With this we can compute $$ \frac{D}{dt}v^i(0) = \frac{d}{dt} v^i(0) + \Gamma^i_{jk}\left(\frac{d}{dt}p^j(0)\right)\left(v^k(0)\right) $$ using the definition, and where $\Gamma$ is the Christoffel symbol of the Riemannian metric on $M$. This we immediately see to be $$ \frac{D}{dt}v^i(0) = \zeta^i + \Gamma^i_{jk}v^k(0)\xi^j $$ which in fact is a linear map from $T_{p,v}TM$ to $T_pM$.
Now the three properties are easily checked:
- It is tensorial because the expressions are completely independent of which curve $\alpha$ is chosen, as long as $\alpha'(0)= V$.

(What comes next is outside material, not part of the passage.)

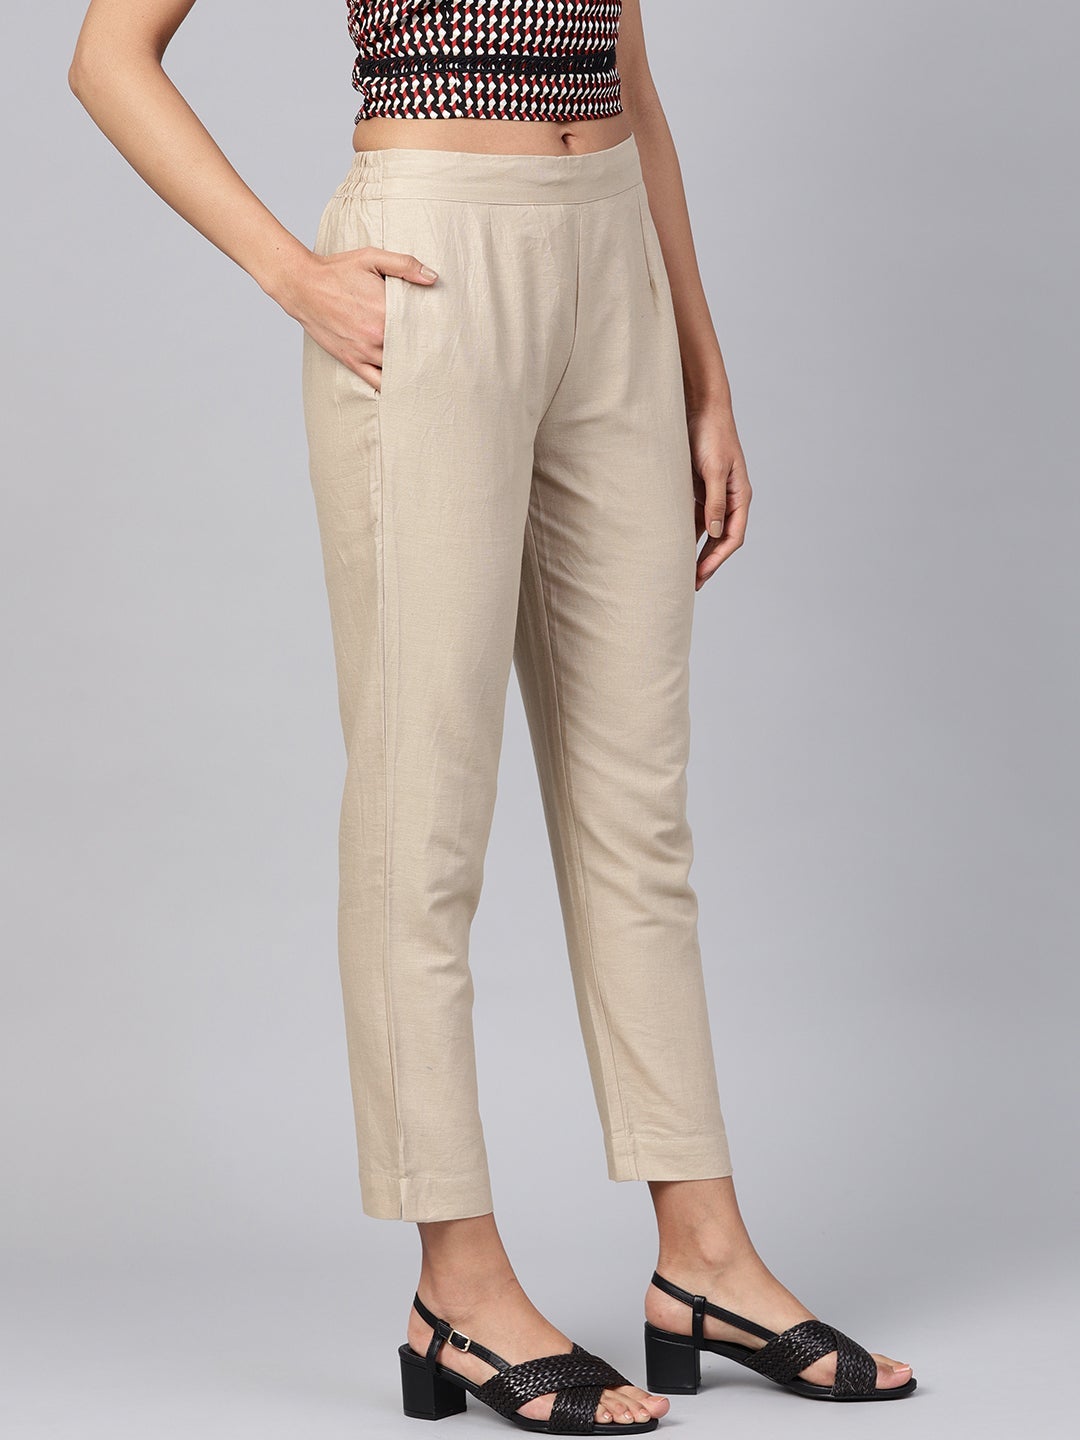 Sandgrey Cotton Flex Solid Slim Fit Pant/Slim Pant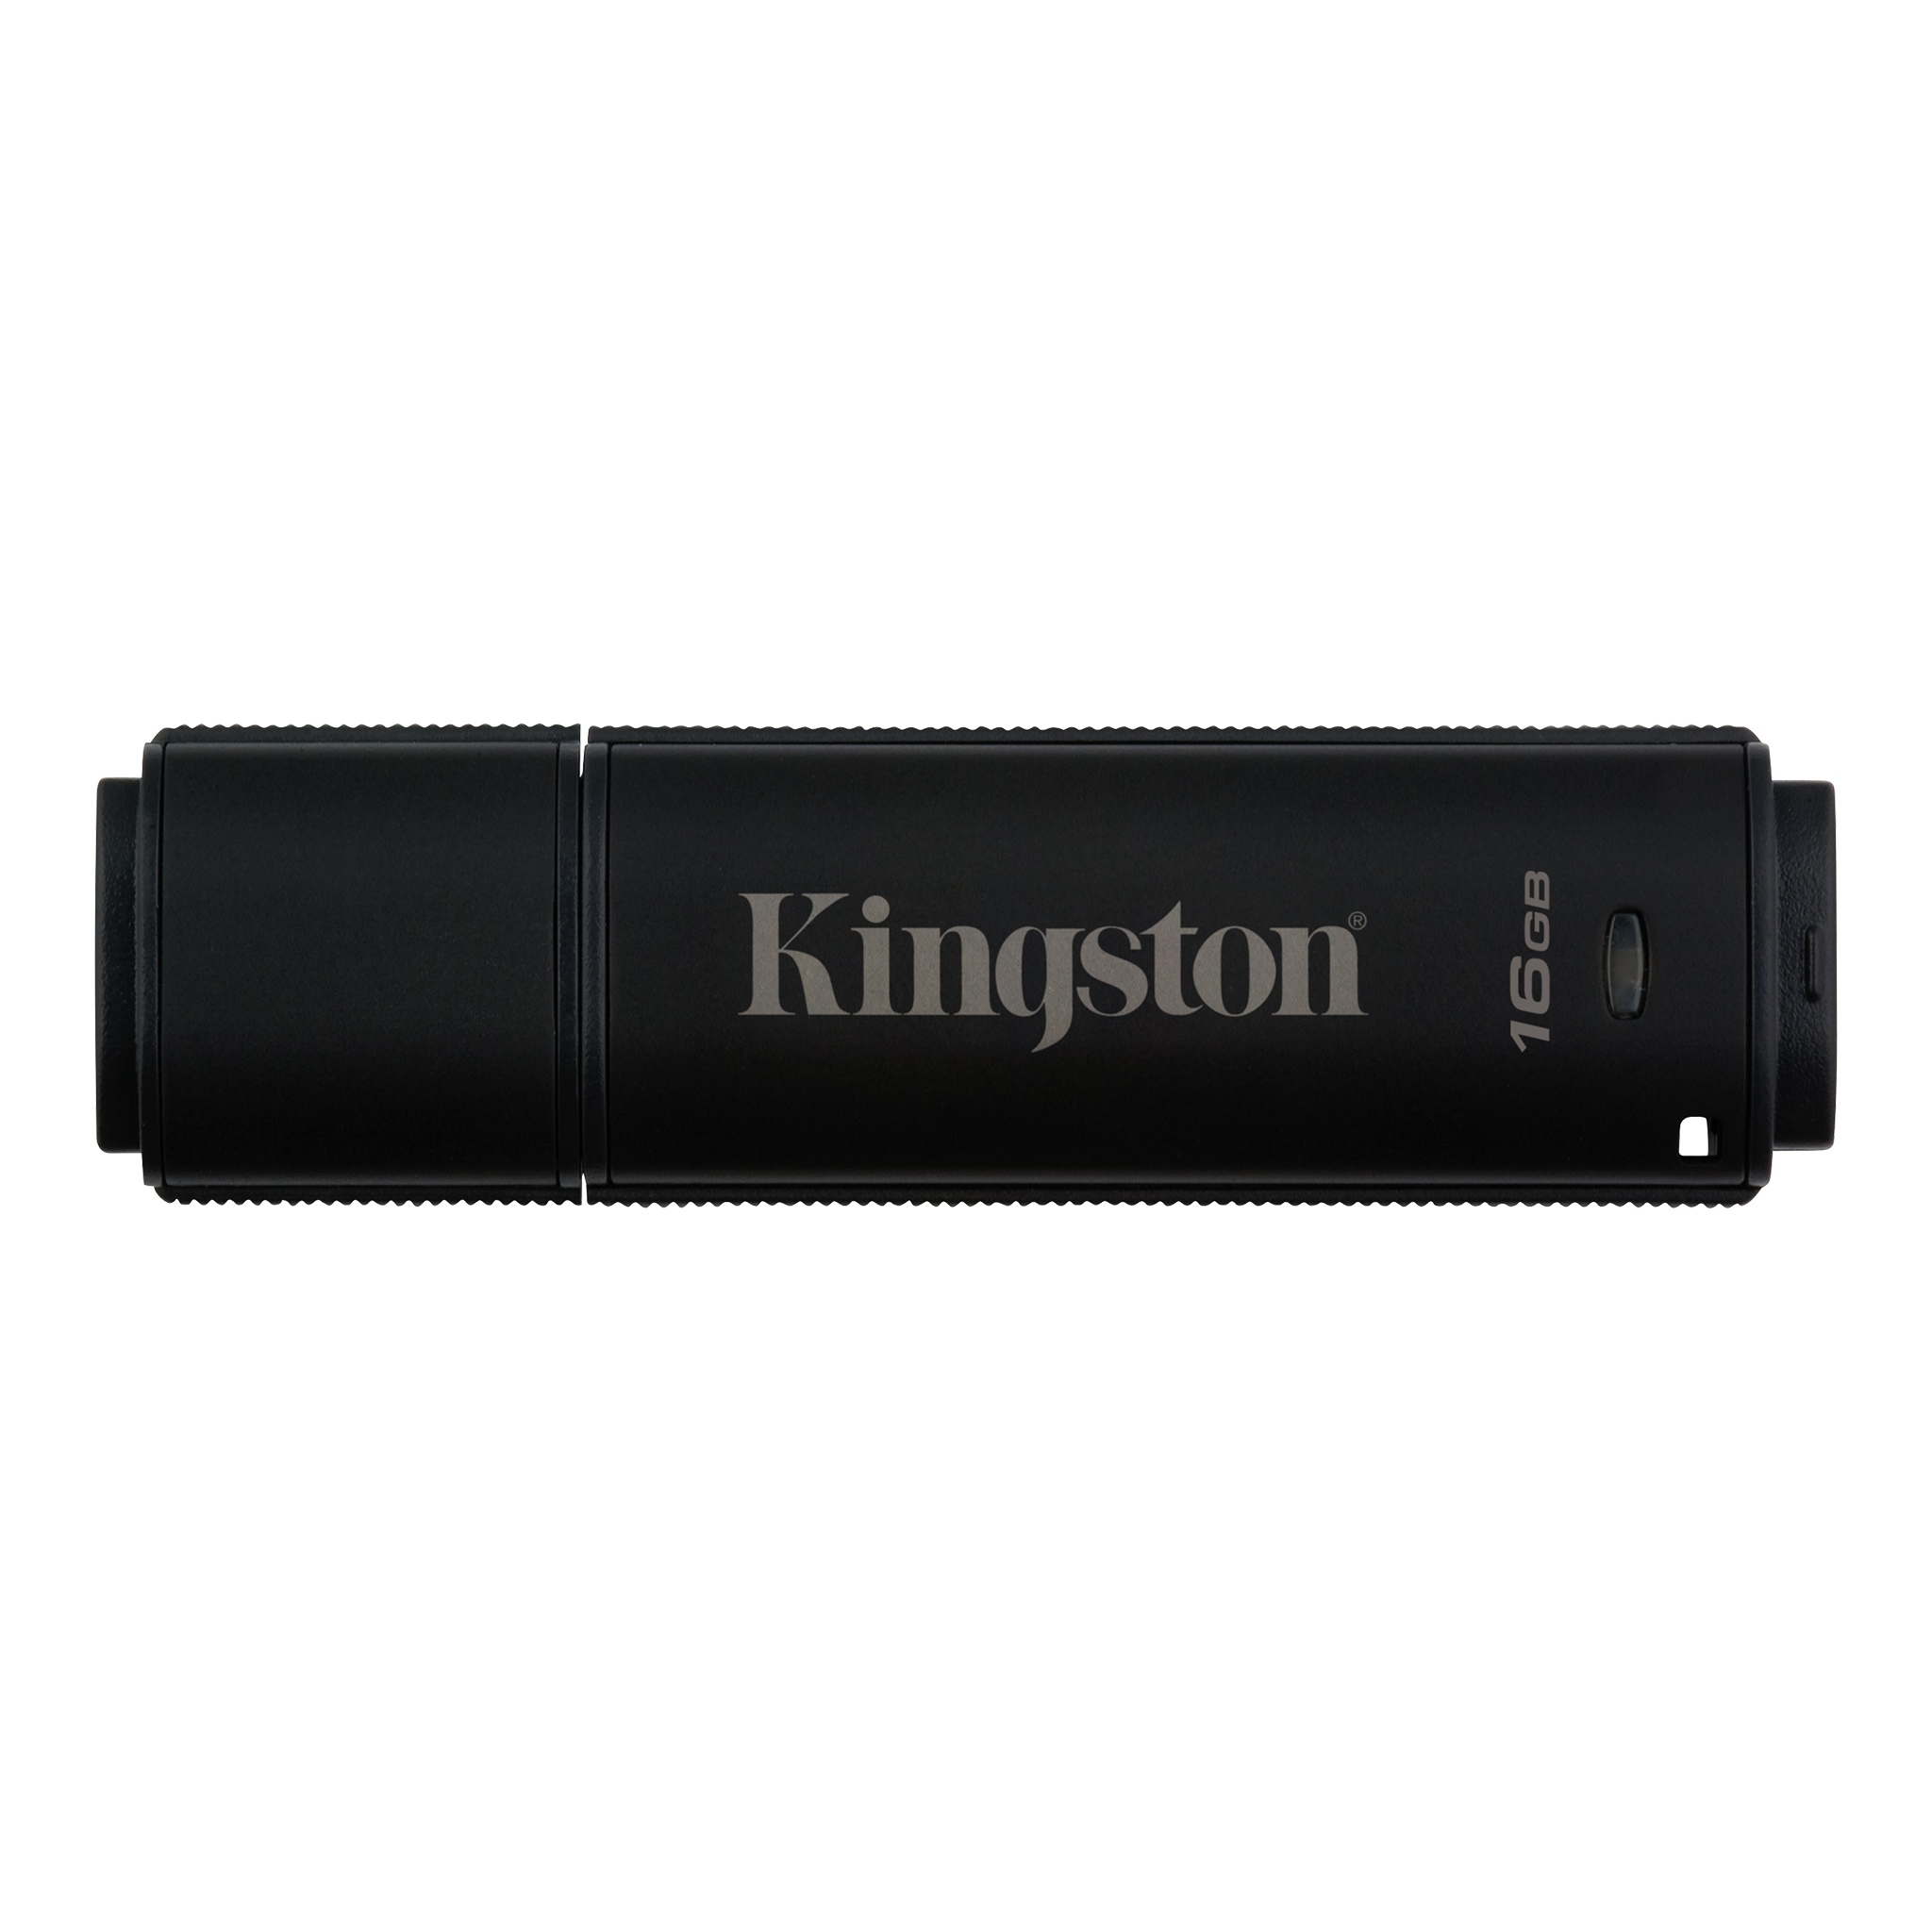 Flash drive kingston datatraveler 4000g2 16gb usb 3.0

- It is bilinear because $T_{p,v}TM\ni V\mapsto (d\pi(V),\frac{D}{dt}v(0))\in T_pM \oplus T_pM$ is linear, and the Riemannian metric on $M$ is bilinear
- Since the Riemannian metric induced on $T_pM\oplus T_pM$ is positive definite, to prove that the new object is also positive definite, it suffices to check that the map $V\mapsto (d\pi(V),\frac{D}{dt}v(0))$ is injective. But this is true by direct inspection.